**The problem**
What needs reproducing is the run of lines in the data below starting at the line with "Housse pour trompette SKB" and ending at the line with "MOONSHOT - Max St. Giovanni T-Shirt", both ends included. Copy it exactly, without pictures, and add nothing.

**Data extract**

[Start of Attachment]

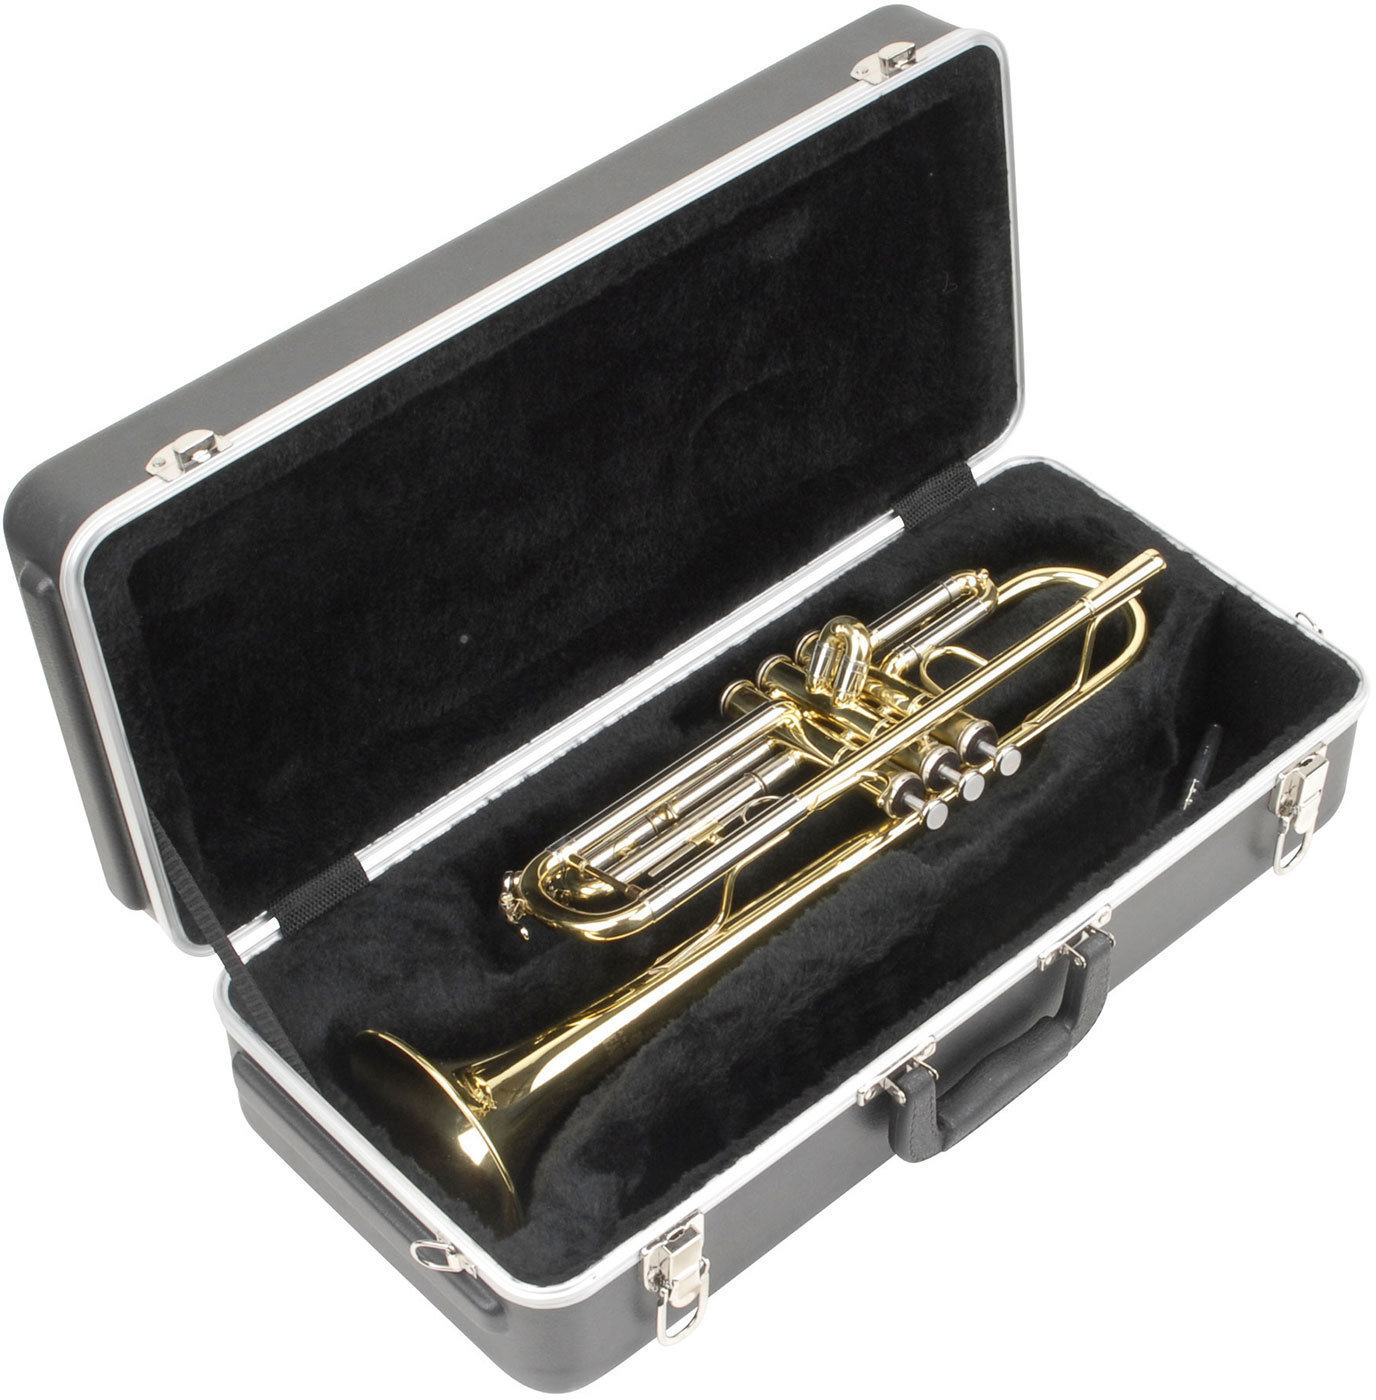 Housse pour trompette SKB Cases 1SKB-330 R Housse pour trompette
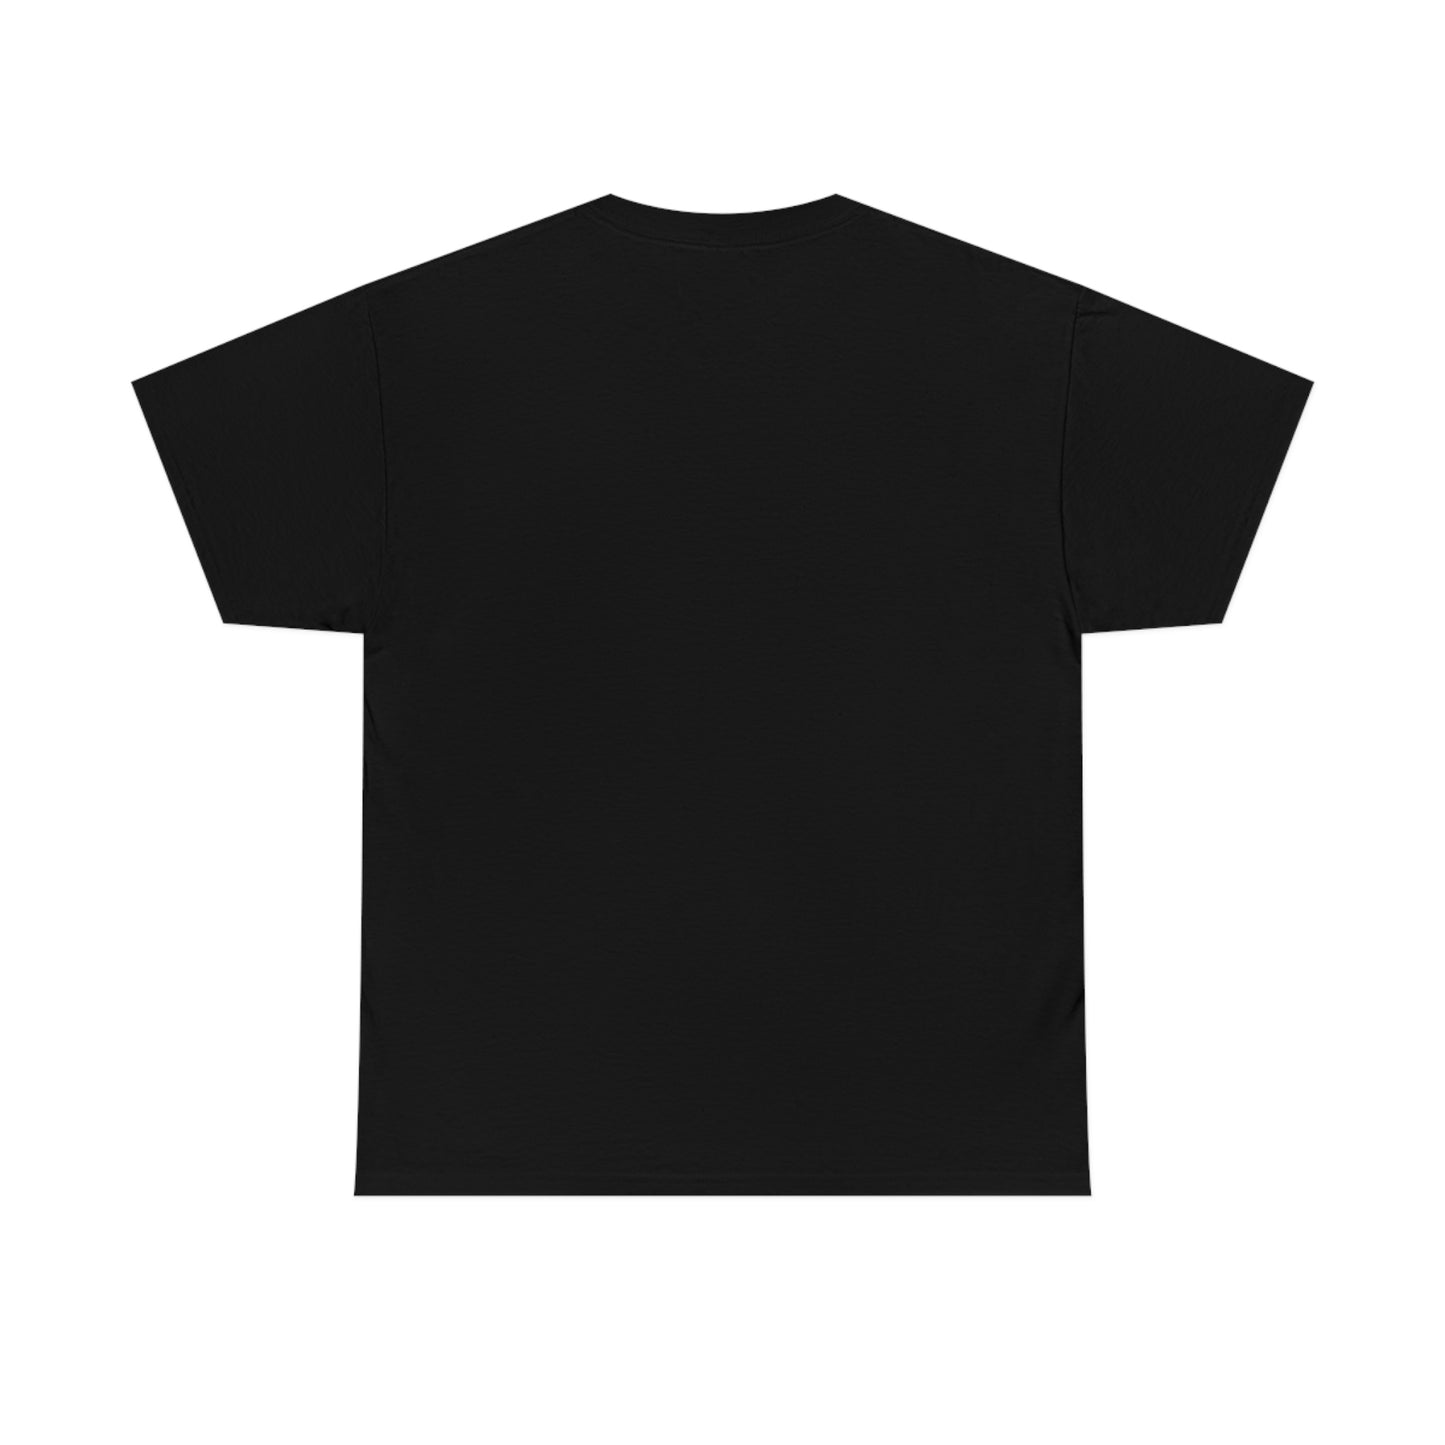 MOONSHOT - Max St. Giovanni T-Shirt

[End of Attachment]
[Start of Attachment]

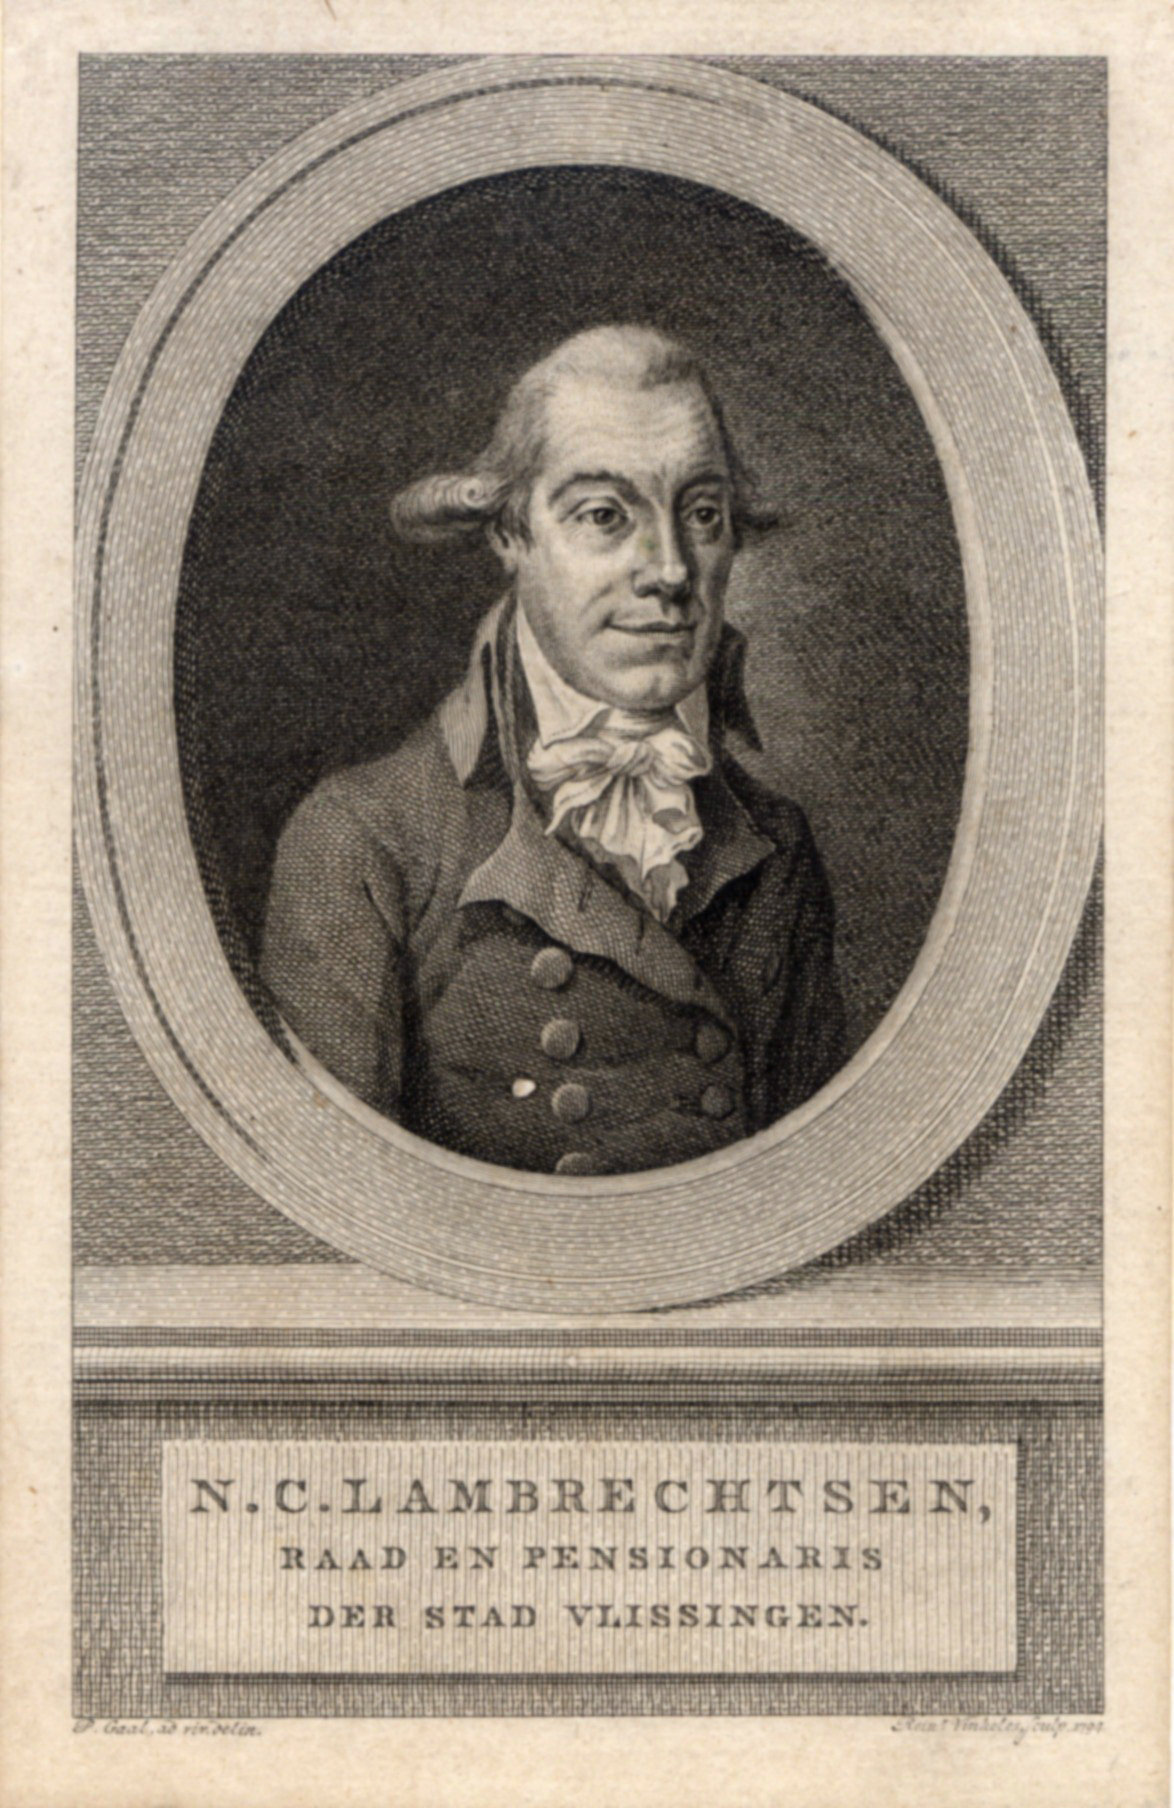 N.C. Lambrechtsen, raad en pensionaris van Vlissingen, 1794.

[End of Attachment]
[Start of Attachment]

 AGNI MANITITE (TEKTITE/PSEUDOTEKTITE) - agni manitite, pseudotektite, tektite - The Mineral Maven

[End of Attachment]

**Answer below**
 Housse pour trompette SKB Cases 1SKB-330 R Housse pour trompette
 MOONSHOT - Max St. Giovanni T-Shirt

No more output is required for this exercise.